Q:WHAT PIECE OF ADVICE WOULD YOU GIVE YOUR TWENTY-YEAR OLD SELF?

If I had to go back and give a younger version of myself one word of advice it would be: “Relax.” It’s almost preposterous how intensely, passionately, anxiously I was worked up about certain things—how seriously I took things that, in retrospect, matter so little that I don’t even remember them. Of course, earnestness, commitment, and ambition are virtues (more so than their opposites, anyway) but taken too far they become liabilities, to happiness and objectivity most of all.

Q: WHAT LESSONS HAVE YOU LEARNED FROM FITNESS THAT HAVE SERVED YOU THROUGHOUT YOUR LIFE?

There’s an experience familiar to every runner. You come up on another runner, you make a move to pass them on the right, and as you do, they speed up. The instinct, when you’re challenged, is to chase after them. But if you do, you’ve already lost. Emerson said that “there is a time in every man’s education when he arrives at the conviction that envy is ignorance; that imitation is suicide.” It’s accepting the imposition of another’s will on a run or during a workout that is suicide. You exercise to define yourself, and when you allow a short term challenge to alter your pace and long term strategy, you’ve just been defined by someone else. What I’ve learned is that if you continue at the pace you set for yourself, 9 times out of 10 you walk away the winner. In fitness and in life, the race to run is against yourself. Competition, as Peter Thiel has said, is for losers.

Q: WITH ANY NEW MODALITY YOU GET INTO, HOW DO YOU APPROACH IT IN ORDER TO MASTER?

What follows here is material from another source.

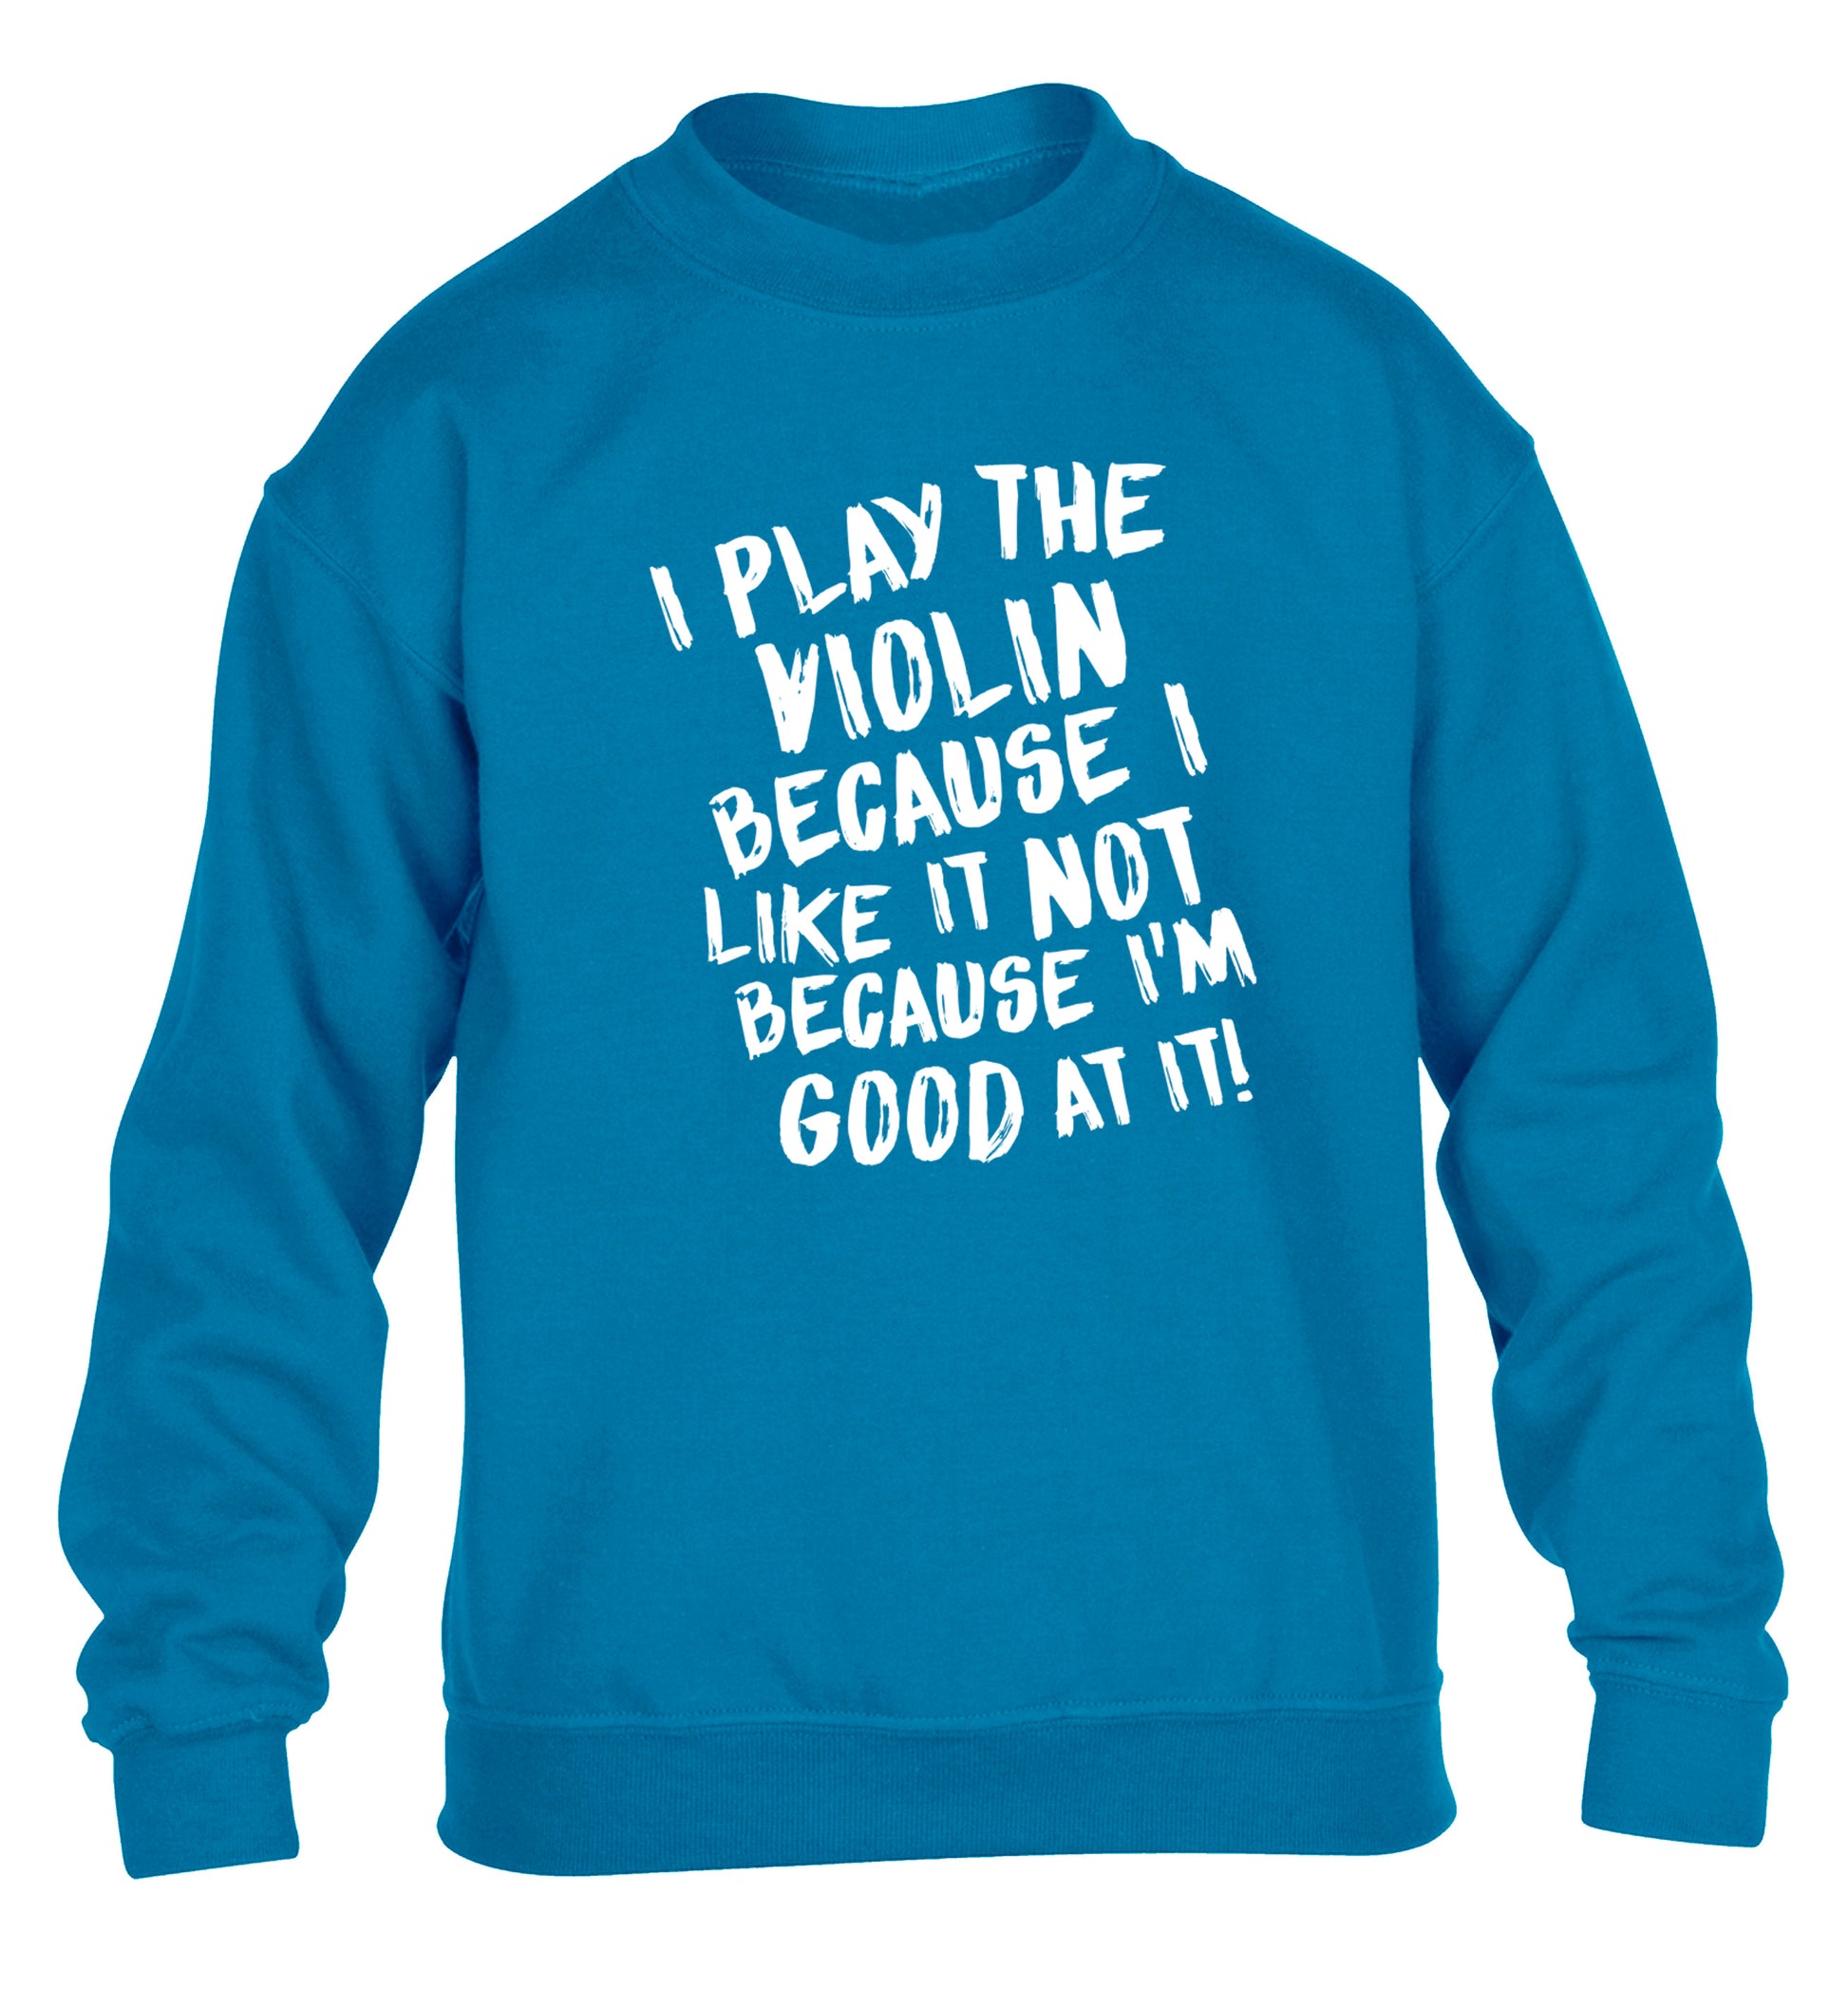 I play the violin because I like it not because I'm good at it children's blue sweater 12-13 Years

Robert Greene’s metaphor for mastery is being on the inside of something. When we start a new sport, when we get our first job, when we approach a field we haven’t yet studied, we are on the outside of. But as we put in the work, as we familiarize ourselves with every component, as we develop our intuitive field, we eventually make our way to this inside. This is a metaphor from Robert I think about constantly. I don’t want to be an outsider on anything I do, I want to make my way inside it.

Q: WHY DO YOU PRIORITIZE FITNESS IN YOUR LIFE?

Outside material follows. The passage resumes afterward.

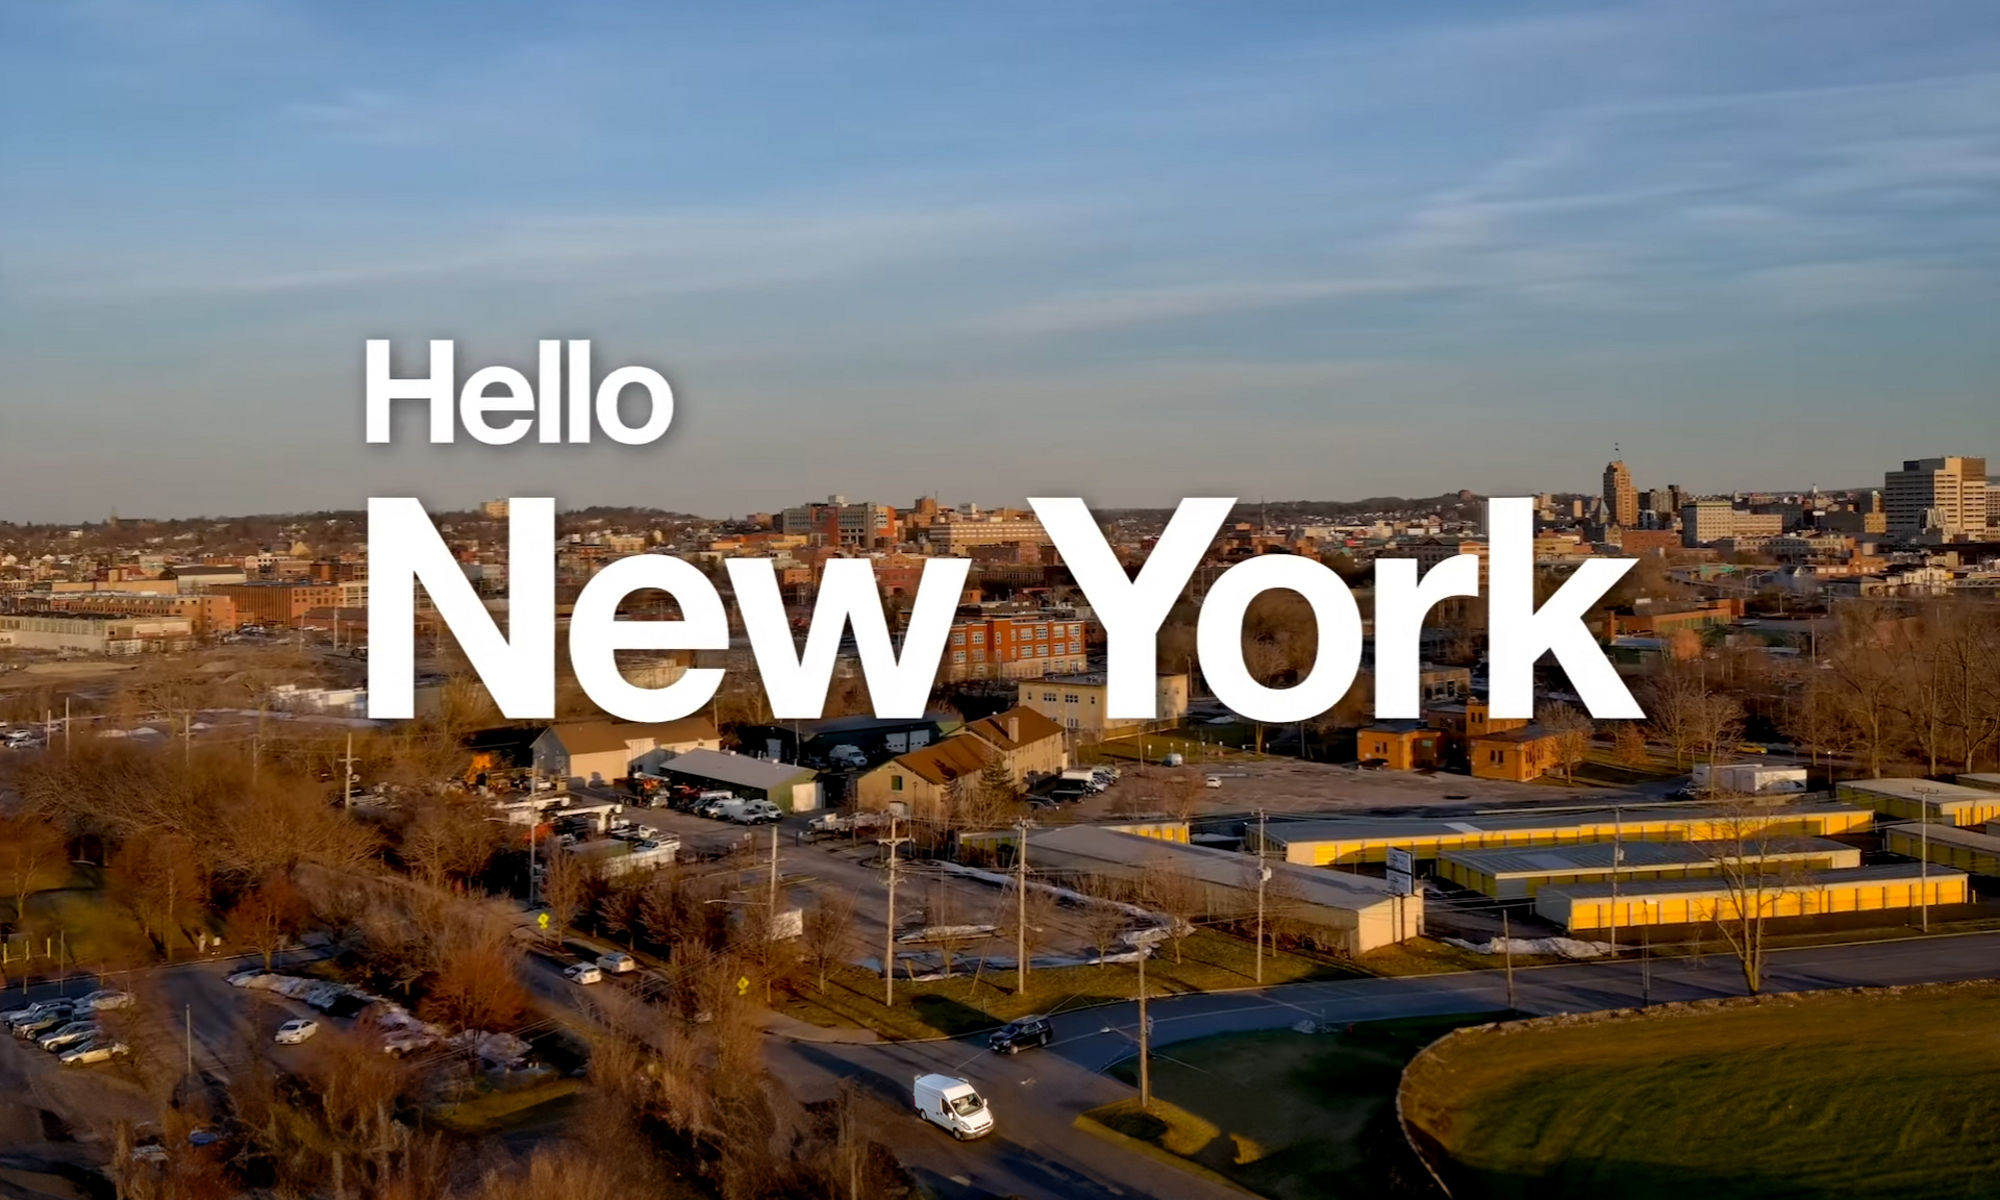 Image of the city with Hello New York written on the image

Because I love it and because it makes me better at my job. There is a timeless link between writing and running. Professional writers quickly learn one reality of the job: you have more bad days than good. It’s the rare day that the writer finds that the words come out exactly the way they were in their head. In fact, it’s usually the opposite—one is disappointed, distracted, struggling, committed but unproductive. But exercise—especially running—is the opposite. A run is almost always good. Running is predictable, dependable, satisfying and thus a counterbalance for the mercurial muses of the creative professional. And I can also say that most of my biggest breakthroughs as a writer came after I had stopped writing and gone running.

Q: WHAT’S THE ONE WORKOUT YOU ALWAYS DREAD? WHAT’S THE ONE WORKOUT YOU ALWAYS LOOK FORWARD TO? WHY?

I’m not sure there is a workout I particularly dread or a workout I particularly look forward to. I lace up my shoes each day because it’s precisely the opposite of what my body tells me it wants—that’s my motivation.

Q: WHAT’S ON YOUR FITNESS BUCKET LIST?

I’d like to do the run Haruki Murakami talks about in What I Talk About When I Talk About Running—the original marathon from Marathon To Athens.

Q: WHAT IDEA, PERSON OR BOOK HAS BEEN THE MOST INFLUENTIAL IN YOUR LIFE? WHY?

When I was 19 years old, I asked someone I admired if he had any book recommendations. He suggested the Stoics. That recommendation has really directed the course of my life since. Meditations by Marcus Aurelius was what the economist Tyler Cowen calls a “quake book” for me. It shook everything I thought I knew about the world. After Marcus, I read Seneca and Epictetus and then some of the more modern Stoic scholars like Pierre Hadot and Donald Robertson. It’s been more than 15 years now, but I still get something new out of the books every time I turn to them.